Ces études ont montré que les récepteurs avec les fonctions très différentes peuvent être des parents proches et que peut-être il y a d'autres récepteurs avec une structure semblable. Effectivement, le génome humain sequencing a révélé plus de 800 gènes qui encodent GPCR. Il est devenu clair que le signal via GPCR est un mécanisme universel de communication entre les cellules et les cellules avec l'environnement.

Pour complètement comprendre le mécanisme d'opération de GPCR, il avait la connaissance de leur structure spatiale avec la résolution atomique. De telles structures peuvent être obtenues seulement au moyen de la diffraction de Rayons X exige la culture d'un cristal hautement ordonné. GPCR cependant, étaient célèbres pour leur résistance à la cristallisation, malgré le travail persistant de beaucoup de laboratoires dans le monde.

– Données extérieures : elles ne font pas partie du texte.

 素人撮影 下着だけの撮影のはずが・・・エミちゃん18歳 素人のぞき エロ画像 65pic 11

La première structure GPCR était Palchevsky en 2000 a cristallisé même rhodopsin, qui est le plus ferme et le moins mobile de tout le GPCR. Il a pris encore 7 ans avant que la première structure du récepteur humain qui répond à l'adrénaline a été déterminée.

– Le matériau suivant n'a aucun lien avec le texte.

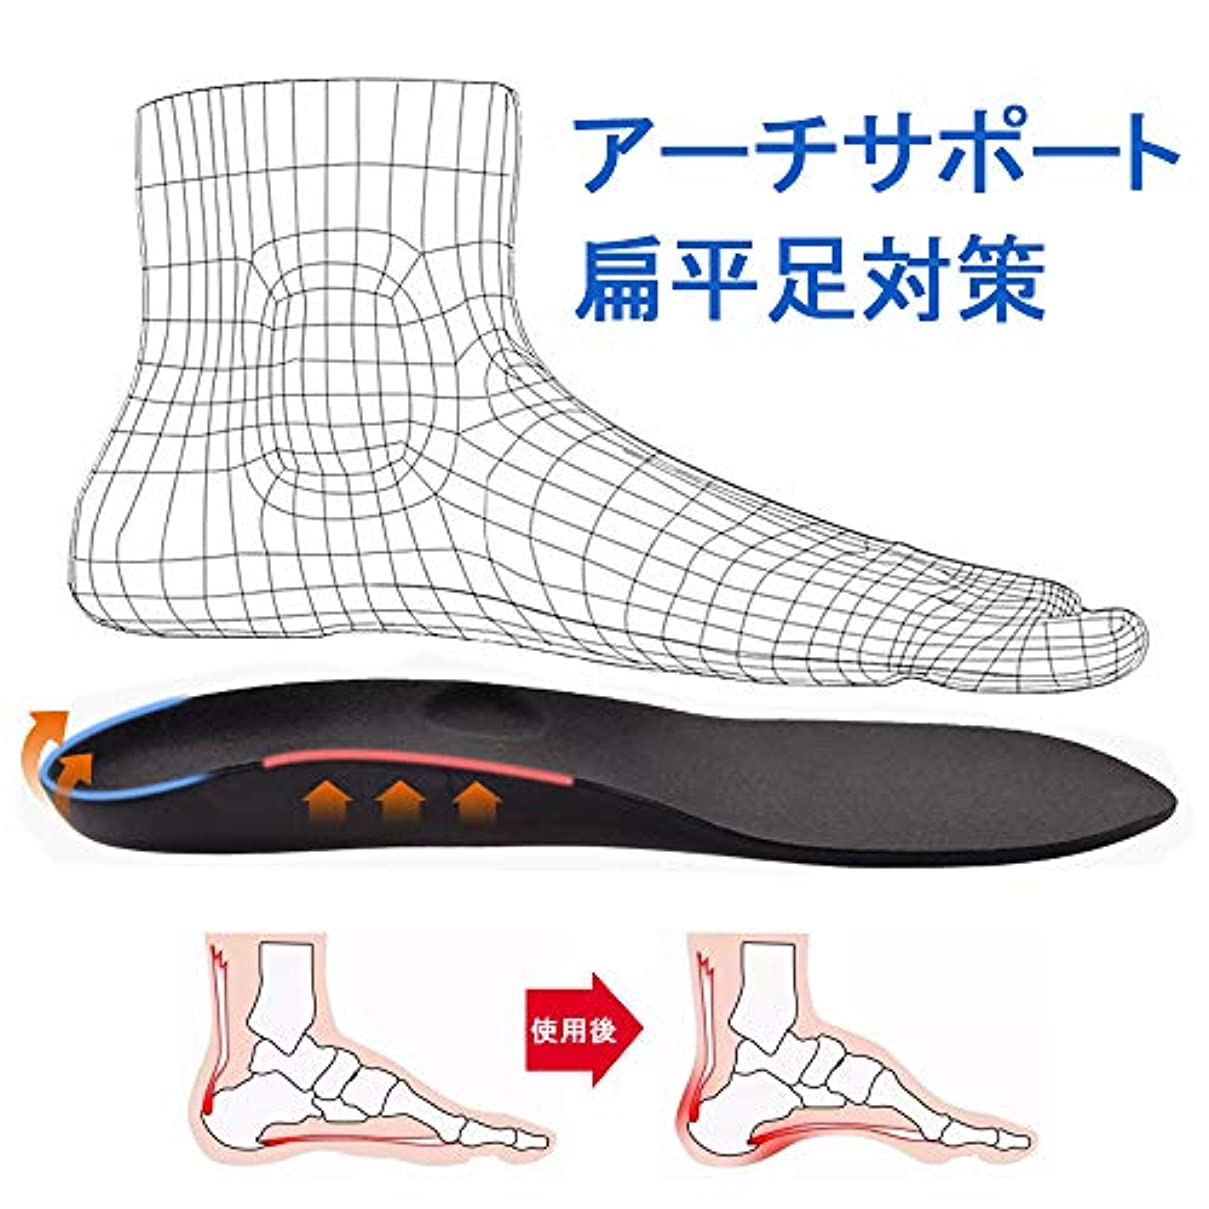 発音ランドリーチーフインソール,扁平足 アーチサポーター 土踏まず 中敷き 衝撃吸収 疲れにくい インソール 偏平足改善 サポーター 足底筋膜炎 アーチ型サポーター かかと 3D立体型サポート歩き姿勢矯正 痛み緩和

J'avais la chance de participer à ces études. En 2006 j'ai commencé à travailler dans le laboratoire de Ray Stevens à l'Institut de Scripps à La Jolla, qui a collaboré avec Brian Kobilka dans la détermination de la structure des récepteurs adrénergiques du béta. Kobilka a travaillé sur la stabilisation adrenoceptor par l'ingénierie moléculaire, le laboratoire de Stevens a essayé de le cristalliser. Quelques mois plus tard j'étais capable de cristalliser le récepteur est modifié en utilisant une méthode de cristallisation spéciale dans la phase cubique lipid avec l'utilisation de cholestérol, que j'ai amélioré pendant plusieurs années passées. La structure du béta-adrenoceptor a été publiée dans le journal Science en 2007 et a été appelée une des 10 avances scientifiques de l'année. Au cours des 5 ans passés, 15 différentes structures GPCR ont été identifiées - principalement les laboratoires Kobilka et Stevens. Finalement, en 2011 Kobilka était possible à fixer le complexe de signal entier en cristal entre le béta-adrenoceptor activé et la G-protéine et déterminer sa structure, en rendant possible de voir le signal proche de transduction du récepteur à la G-protéine.

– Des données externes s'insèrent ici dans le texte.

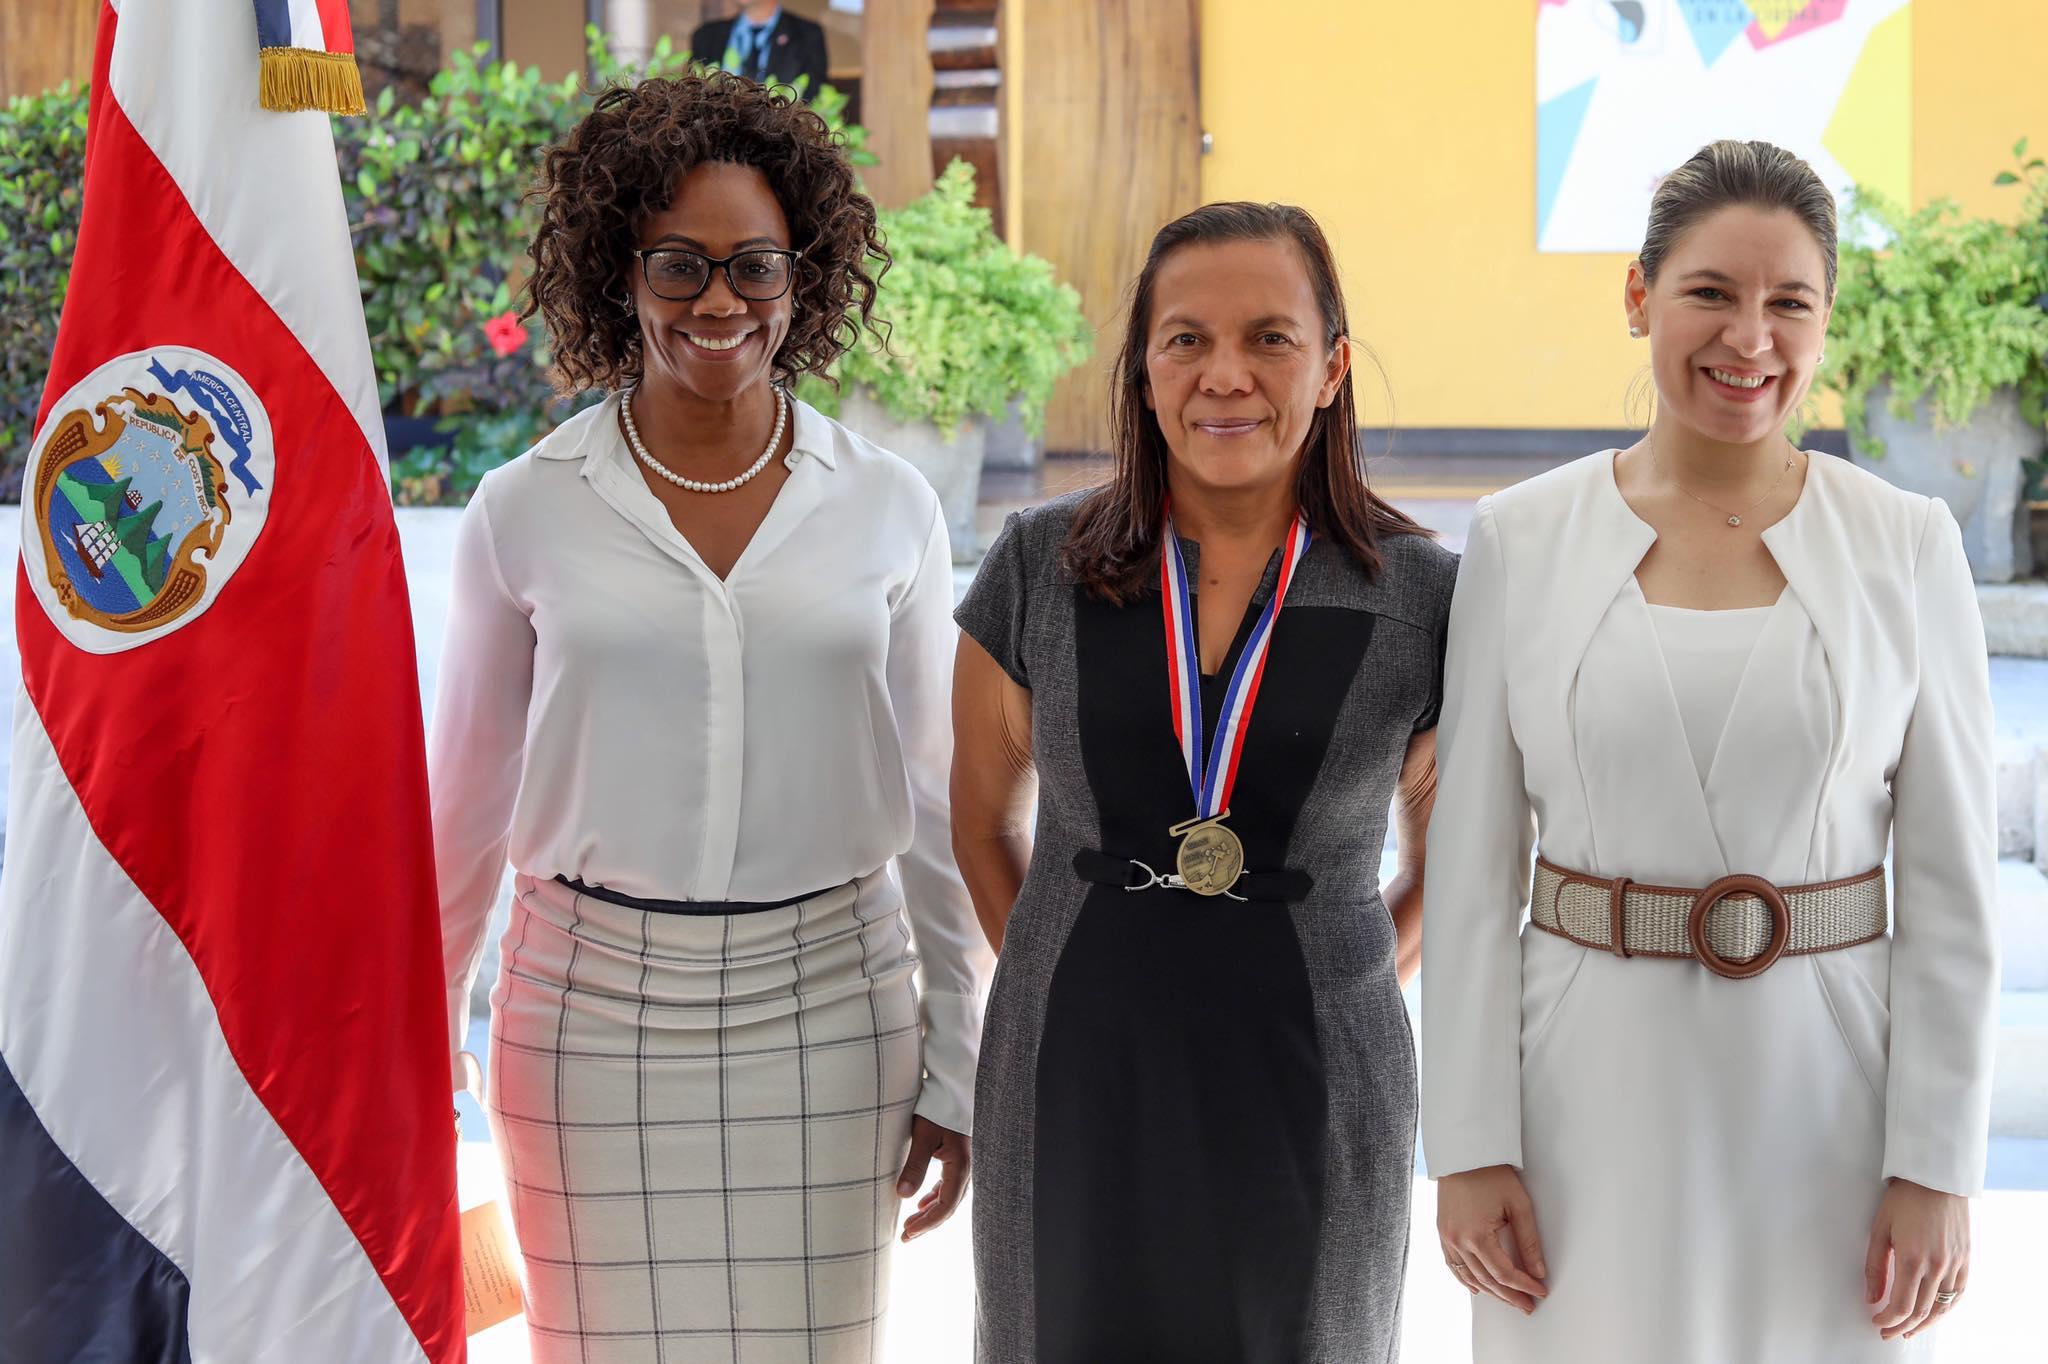 Dixiana Mena, entrenadora de sus hijas Noelia y Andrea Vargas, recibió la condecoración al Mérito en la Paz y en la Democracia.

Ainsi, grâce aux efforts héroïques de Lefkovitz, Kobilkz et d'autres scientifiques au cours des 40 ans derniers, nous avons appris de l'existence d'une famille unique et diverse de récepteurs conjugués avec les G-protéines, qui contrôlent tous les processus essentiels dans le corps humain. Les études structurelles des cinq ans passés ont apporté la connaissance de structures tridimensionnelles de ces récepteurs, cela possible à comprendre comment extracellular ligands reconnu par les récepteurs et comment est la transmission de signaux aux G-protéines. Ceux-ci mettant le travail au point ont posé la fondation pour une enquête plus détaillée, qui dans l'avenir aidera à apprendre les nuances nécessaires qui distinguent ces récepteurs l'un de l'autre et leur permettent de sélectivement répondre seulement à un certain ligands, une meilleure compréhension des détails de signal pharmaceutiques les types différents de ligands pour déterminer les effets possibles de récepteur dimerization, les effets allosteric ligands, aussi bien que les détails d'un ectopic le mécanisme faisant des signes par le biais de l'arrestation. Tout cela peut mener à une nouvelle génération de médecine, où les médicaments seraient plus efficaces, cesseraient de provoquer des effets secondaires et seront choisis selon les renseignements génétiques du GPCR du patient particulier.